Deployment Time: ~1-2 minutes

⚙️ Configuration

OTLP Collector Configuration (manifests/033-otel-collector-config.yaml)

Deployment Mode:

mode: deployment                  # Kubernetes Deployment (stateless)

Receivers (Ingestion Endpoints):

config:
receivers:
otlp:
protocols:
grpc:
endpoint: 0.0.0.0:4317 # gRPC receiver (recommended)
http:
endpoint: 0.0.0.0:4318 # HTTP receiver (easier for testing)

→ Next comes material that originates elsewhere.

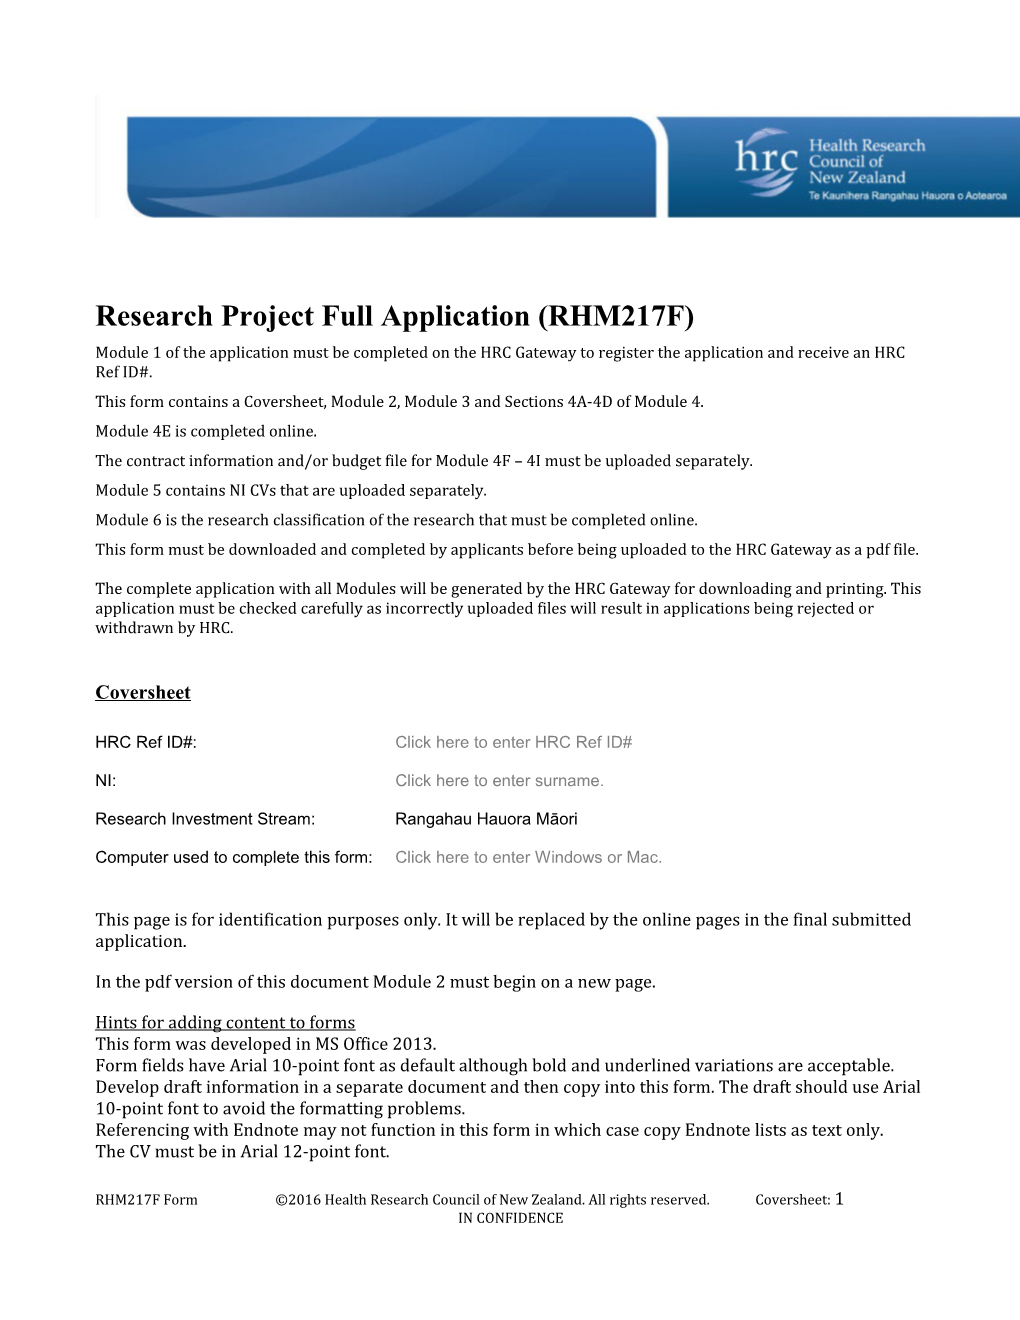 Research Project Full Application (RHM217F)

Official Receiver Docs: https://opentelemetry.io/docs/collector/configuration/#receivers

Processors (Data Enrichment):

config:
processors:
# Batch processing for efficiency
batch:
timeout: 10s
send_batch_size: 1024

# Add cluster metadata and extract resource attributes
resource:
attributes:
- key: cluster.name
value: urbalurba-local
action: upsert
- key: service_name
from_attribute: service.name
action: insert
- key: session_id
from_attribute: session.id
action: insert

# Transform log attributes to make them available in Loki
transform:
log_statements:
- context: log
statements:
- set(attributes["service_name"], resource.attributes["service_name"])
- set(attributes["session_id"], resource.attributes["session.id"]) where resource.attributes["session.id"] != nil

Official Processor Docs: https://opentelemetry.io/docs/collector/configuration/#processors

Exporters (Backend Routing):

config:
exporters:
# Traces to Tempo
otlp/tempo:
endpoint: tempo.monitoring.svc.cluster.local:4317
tls:
insecure: true

# Logs to Loki (OTLP HTTP endpoint)
otlphttp/loki:
endpoint: http://loki-gateway.monitoring.svc.cluster.local:80/otlp
tls:
insecure: true

# Metrics to Prometheus
prometheusremotewrite:
endpoint: http://prometheus-server.monitoring.svc.cluster.local:80/api/v1/write
# Convert resource attributes to Prometheus labels
# IMPORTANT: This enables filtering metrics by developer_id, project_name, service_name, etc.
# Without this, resource attributes are dropped and metrics only show job label
resource_to_telemetry_conversion:
enabled: true
tls:
insecure: true

# Debug exporter (sampling for troubleshooting)
debug:
verbosity: detailed
sampling_initial: 5
sampling_thereafter: 200

Official Exporter Docs: https://opentelemetry.io/docs/collector/configuration/#exporters

Pipelines (Data Routing):

config:
service:
pipelines:
# Traces pipeline
traces:
receivers: [otlp]
processors: [batch]
exporters: [otlp/tempo, debug]

# Logs pipeline
logs:
receivers: [otlp]
processors: [resource, transform, batch]
exporters: [otlphttp/loki, debug]

# Metrics pipeline
metrics:
receivers: [otlp]
processors: [resource, batch] # resource processor preserves attributes
exporters: [prometheusremotewrite, debug]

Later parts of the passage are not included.